The dynamics of vertices in the Kuramoto model are determined by a constant rotation frequency p. Contributions of the edges are summed up according to their destinations.

function kuramoto_vertex!(dv, v, edges, p, t)
    dv[1] = p
    for e in edges
        dv .+= e
    end
    nothing
end

In this case the vertex function does not depend on any past values and is simply constructed as an ODEVertex. Since the edges depend on the history of the vertex variables their calling signature has changed and they are handed to the delay-aware constructor StaticDelayEdge. They are called Static since don't have internal dynamical variables.

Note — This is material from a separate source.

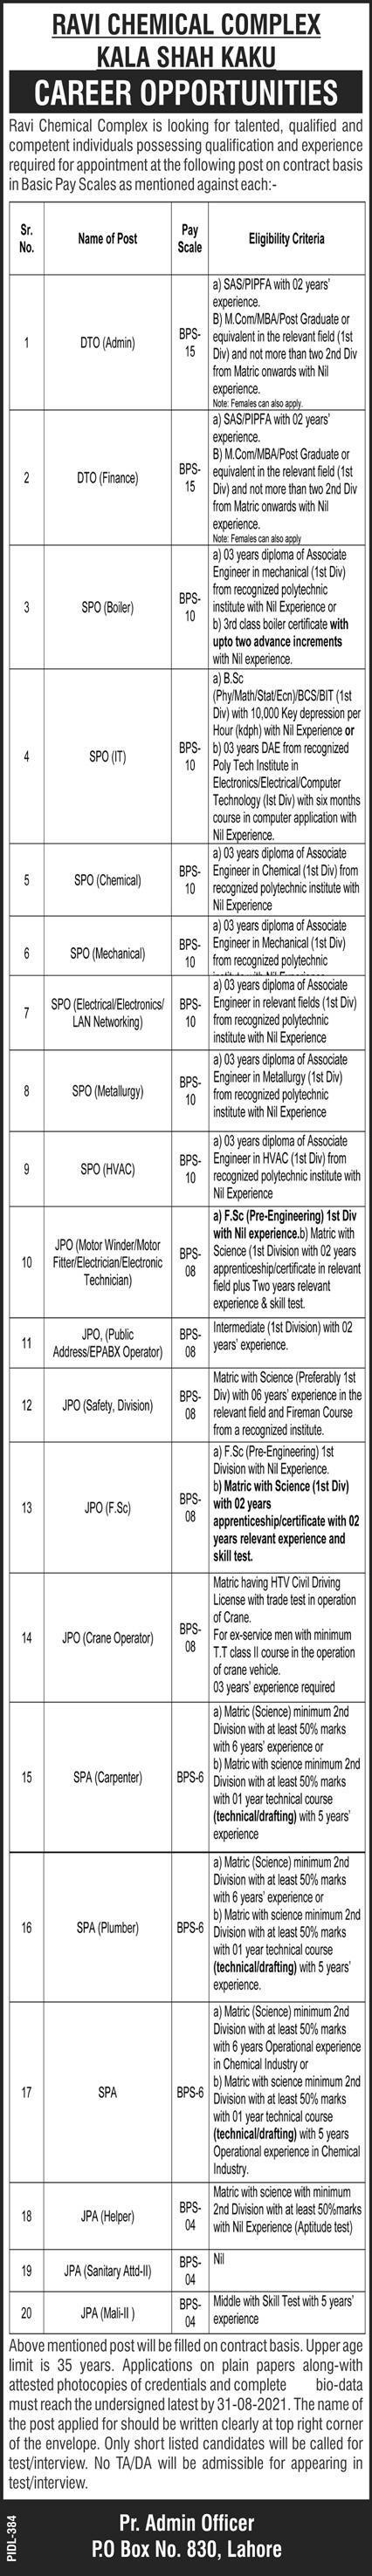 Ravi Chemical Complex Jobs 2021 In Kala Shah Kaku
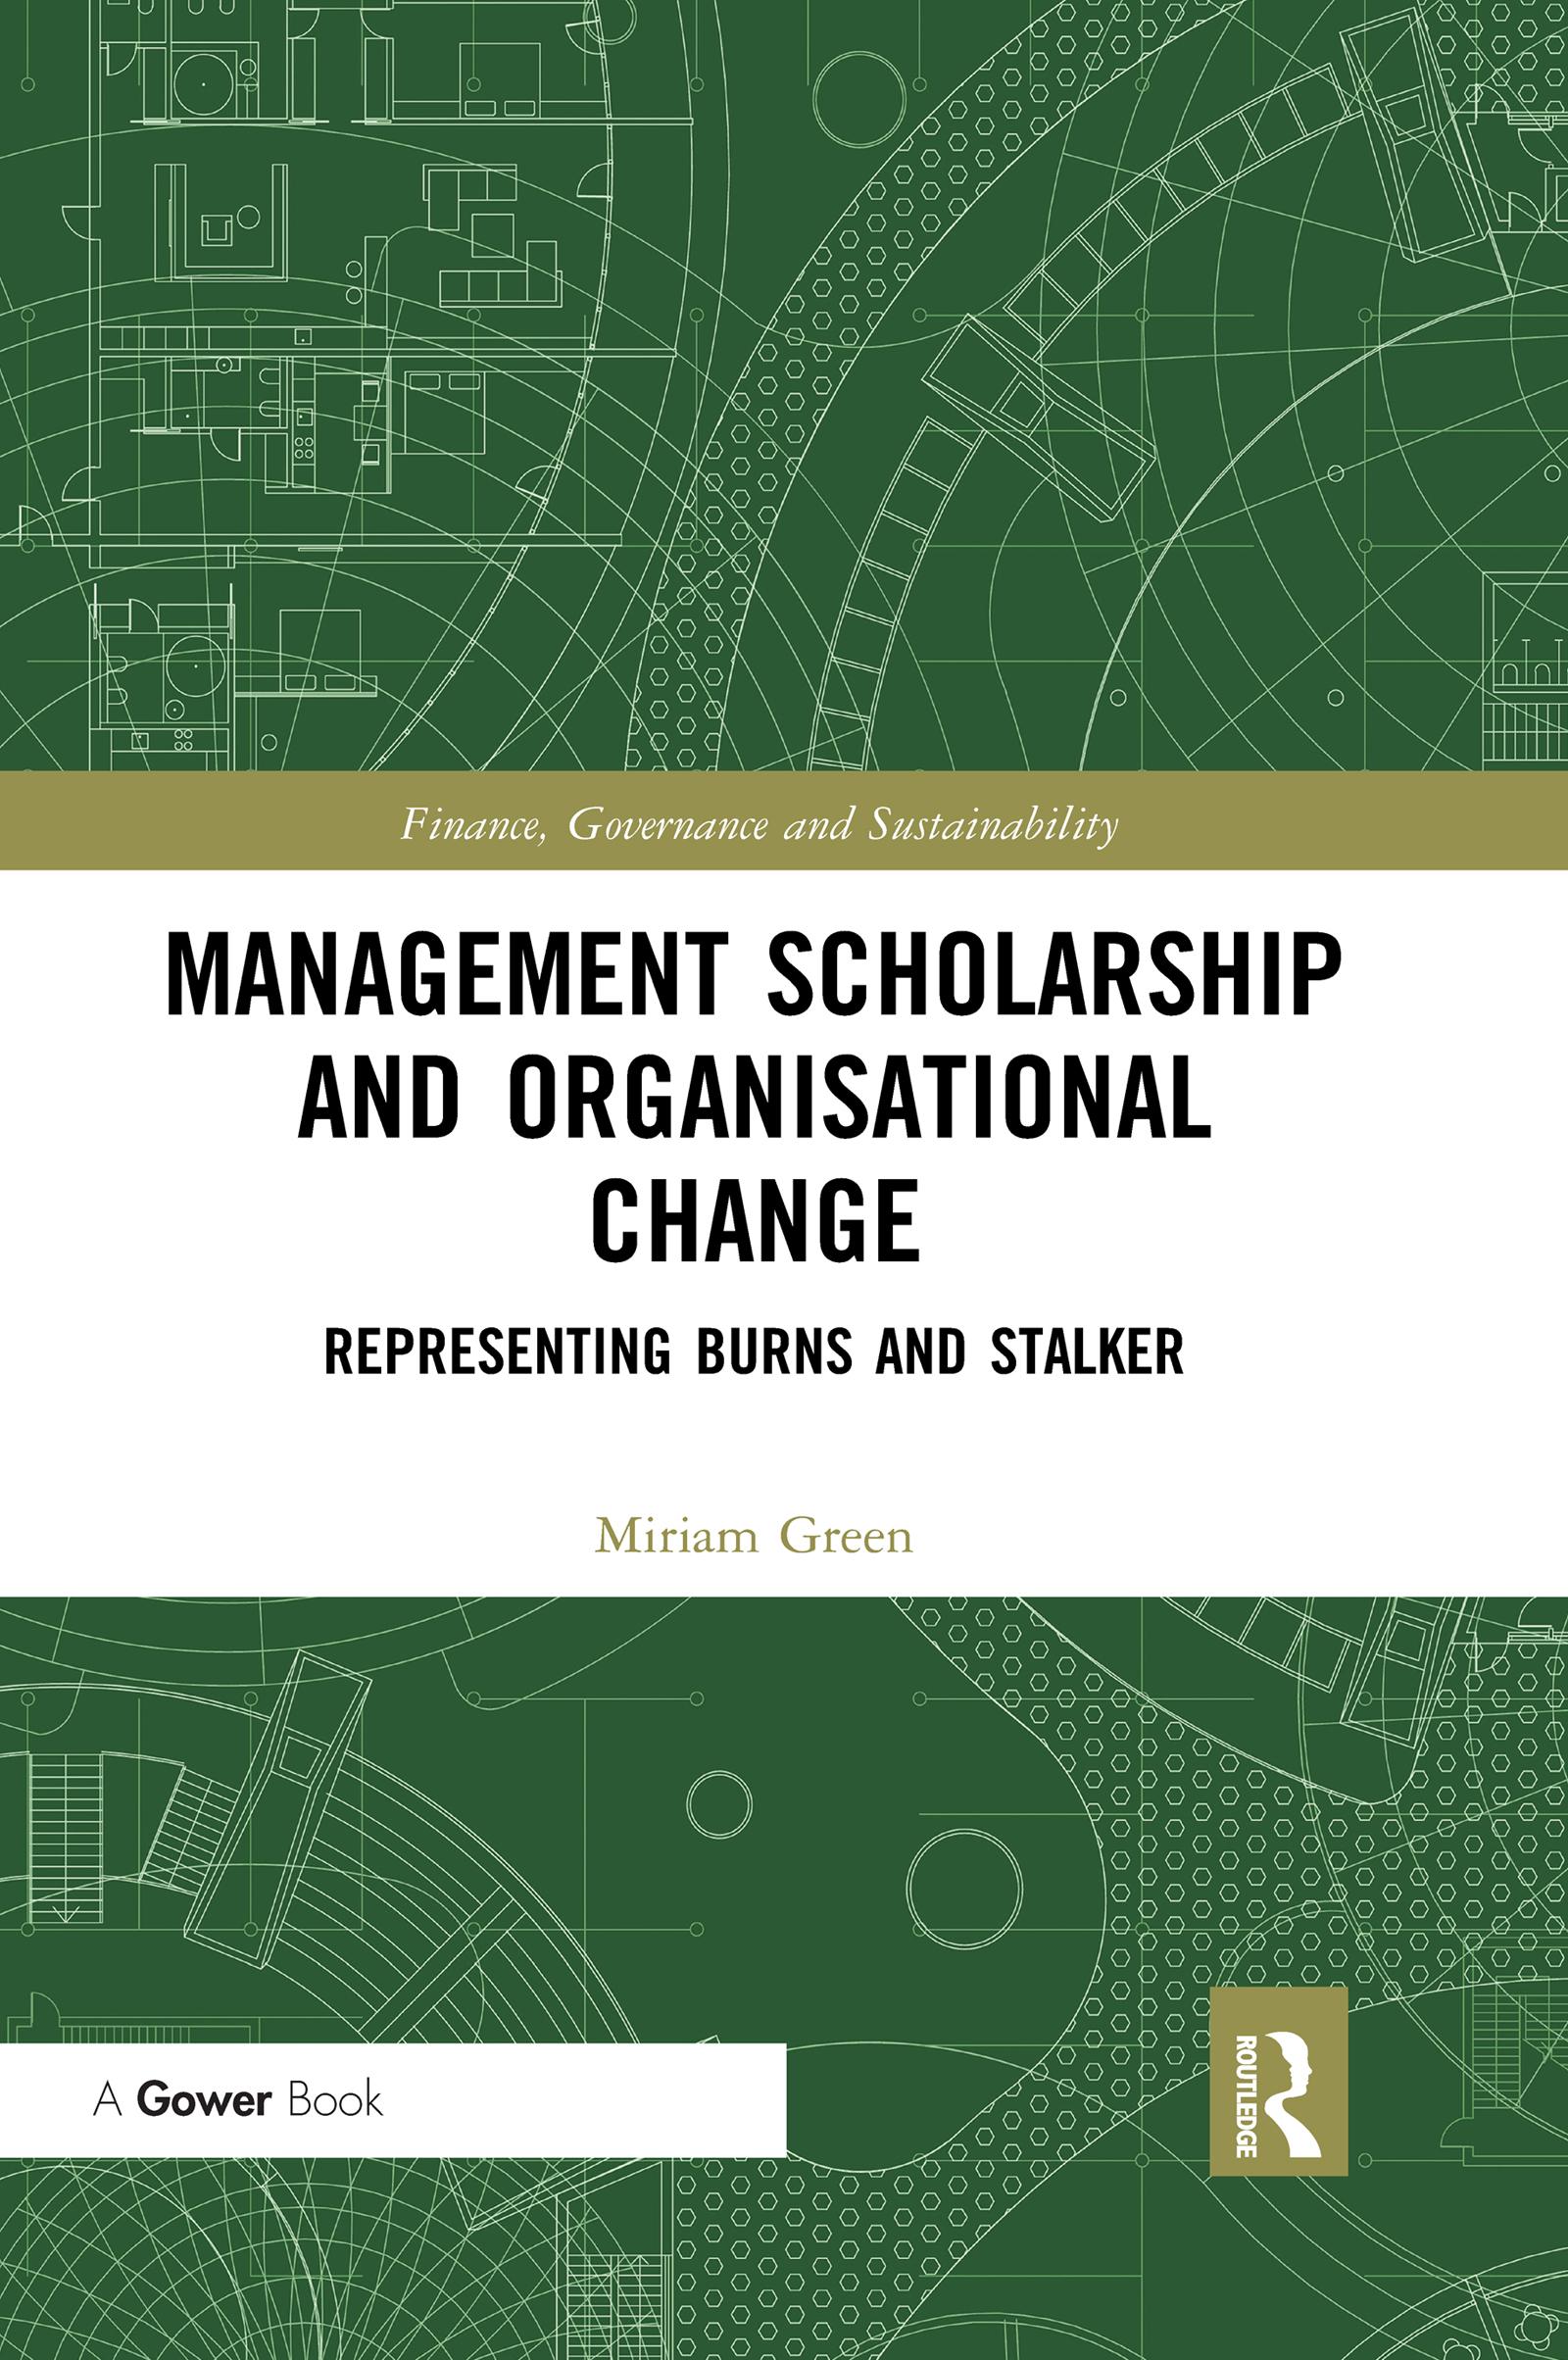 Management Scholarship and Organisational Change

kdedge! = StaticDelayEdge(f! = kuramoto_delay_edge!, dim = 1)
kdvertex! = ODEVertex(f! = kuramoto_vertex!, dim = 1)

nd! = network_dynamics(kdvertex!, kdedge!, g)
[ Info: Reconstructing EdgeFuntions with :undefined coupling type.

The remaining steps for simulating the system are the same as above.

const x0_3 = randn(N) # random initial conditions
h_3(out, p, t) = (out .= x0_3)
# p = (vertexparameters, edgeparameters, delaytime)
ω = randn(N)
ω .-= sum(ω)/N # center at 0
p = (ω, 2., 1.)
tspan = (0.,10.)

dde_prob = DDEProblem(nd!, x0_3, h_3, tspan, p)

sol = solve(dde_prob, MethodOfSteps(Tsit5()));

### Plotting

plot(sol, vars = syms_containing(nd, "v"), legend=false, fmt = :png)

Delay differential equations with algebraic constraints

The vertex dynamics may in principle contain algebraic equations in mass matrix form. For an experimental test case have a look at the last section of this example on github.